— What the task requires —
Line by line, give the data again exactly as it appears, but without pictures.

— Information provided —

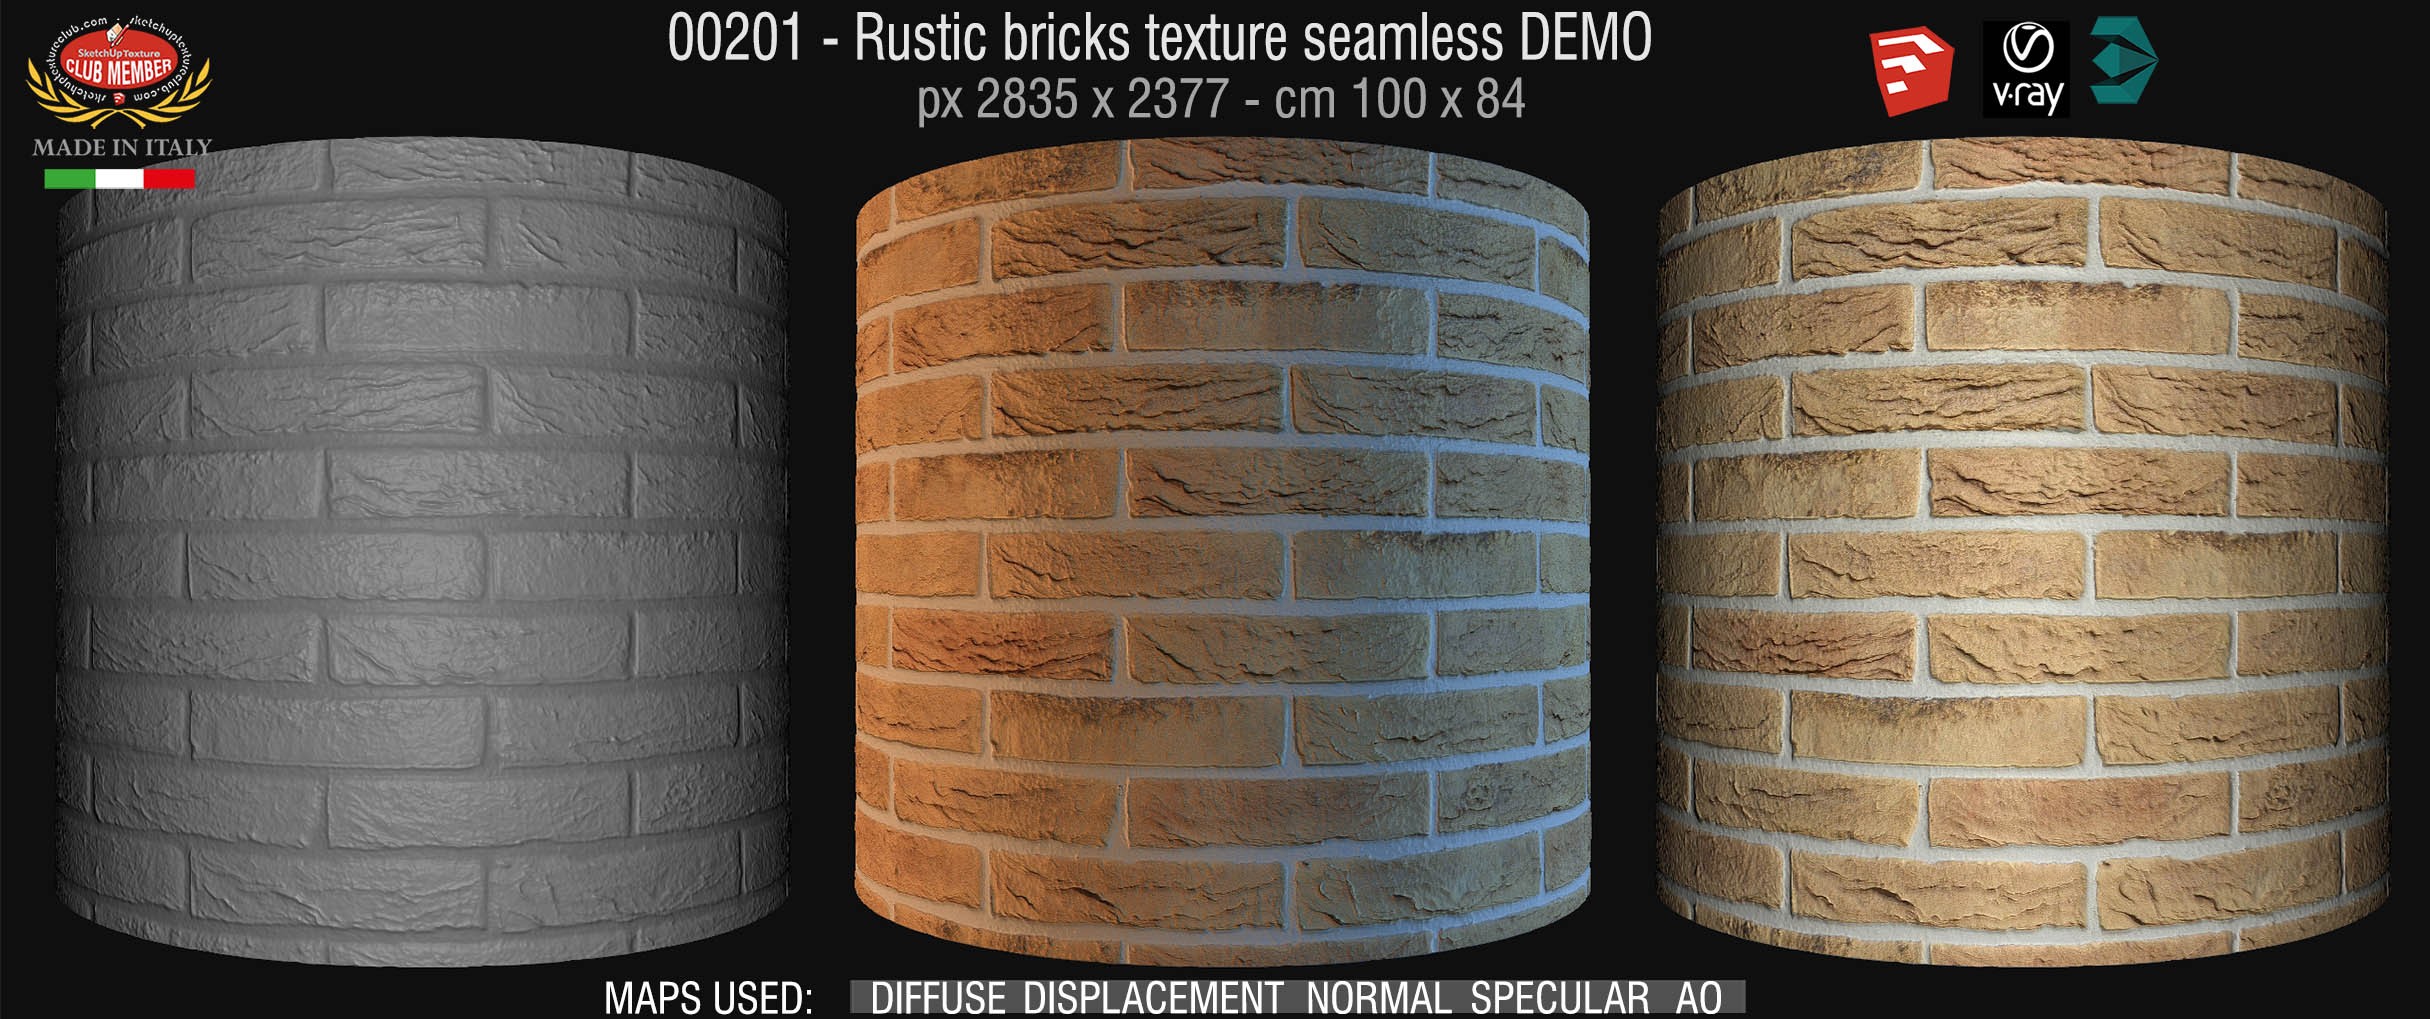 00201 Rustic bricks texture seamless + maps DEMO
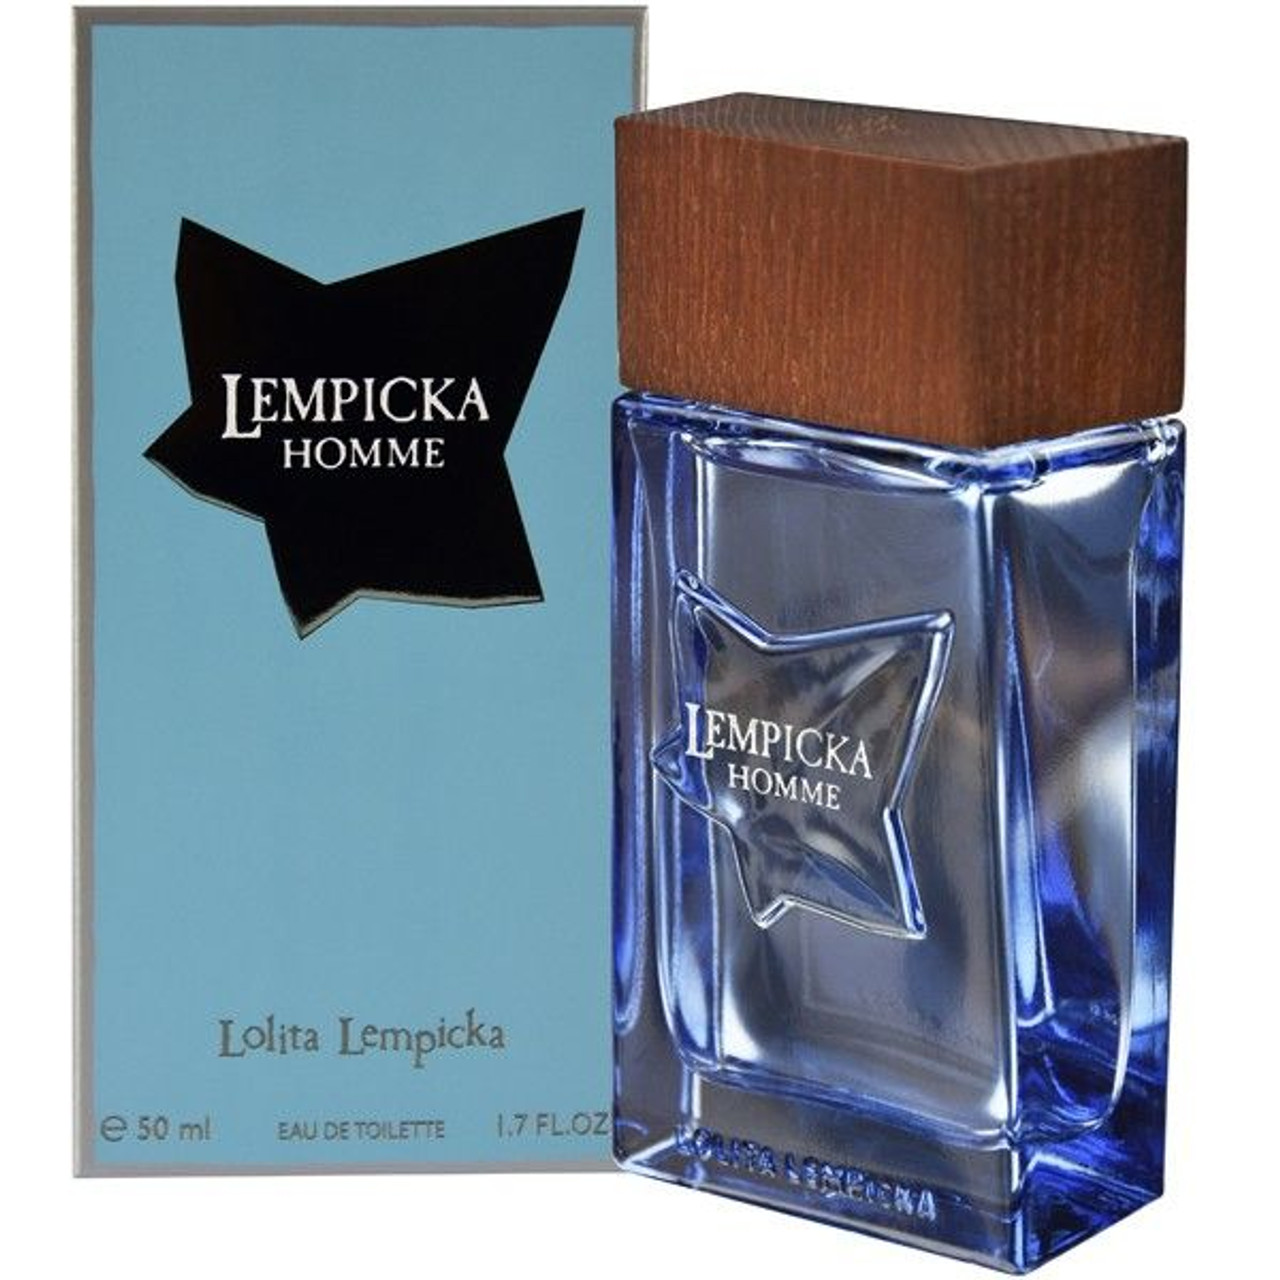 Lolita Lempicka Eau de Parfum Spray, 3.4 fl. oz.
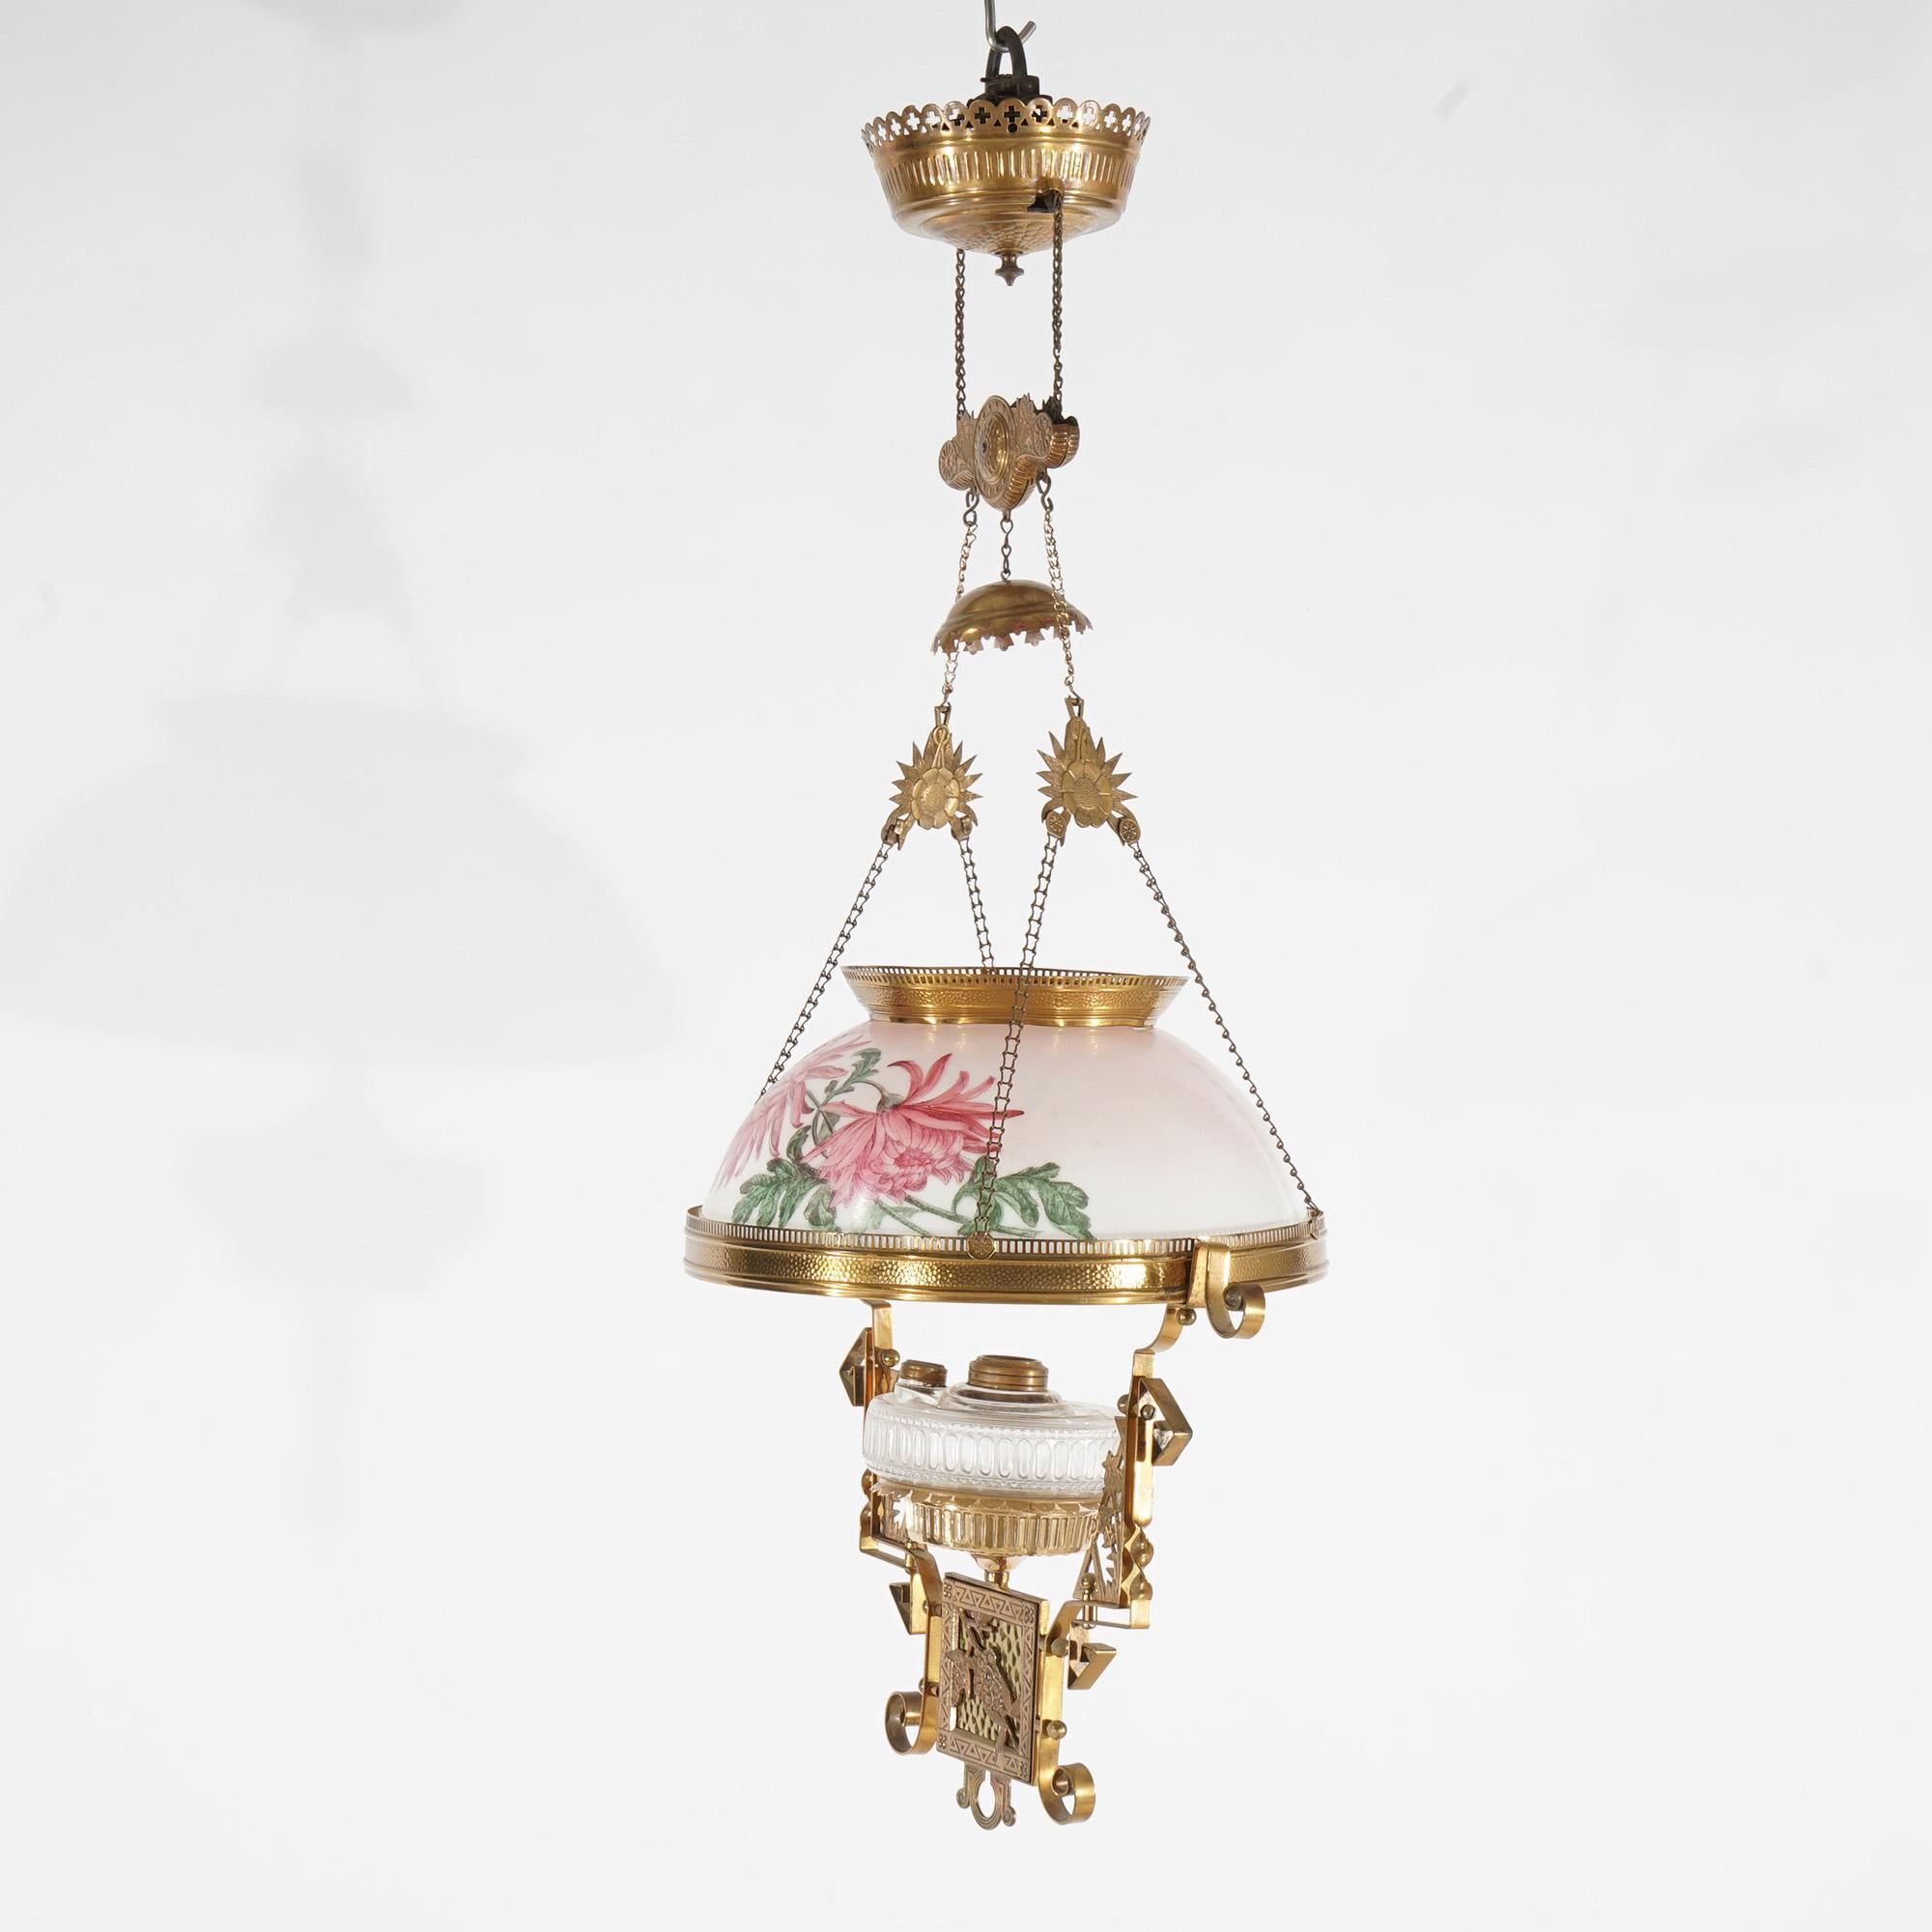 Antique Aesthetic Movement Hand Painted Hanging Kerosene Lamp C1890 For Sale 3

— Solution for this problem —
 00201 Rustic bricks texture seamless + maps DEMO
 Lolita Lempicka Eau de Parfum Spray, 3.4 fl. oz.
 Antique Aesthetic Movement Hand Painted Hanging Kerosene Lamp C1890 For Sale 3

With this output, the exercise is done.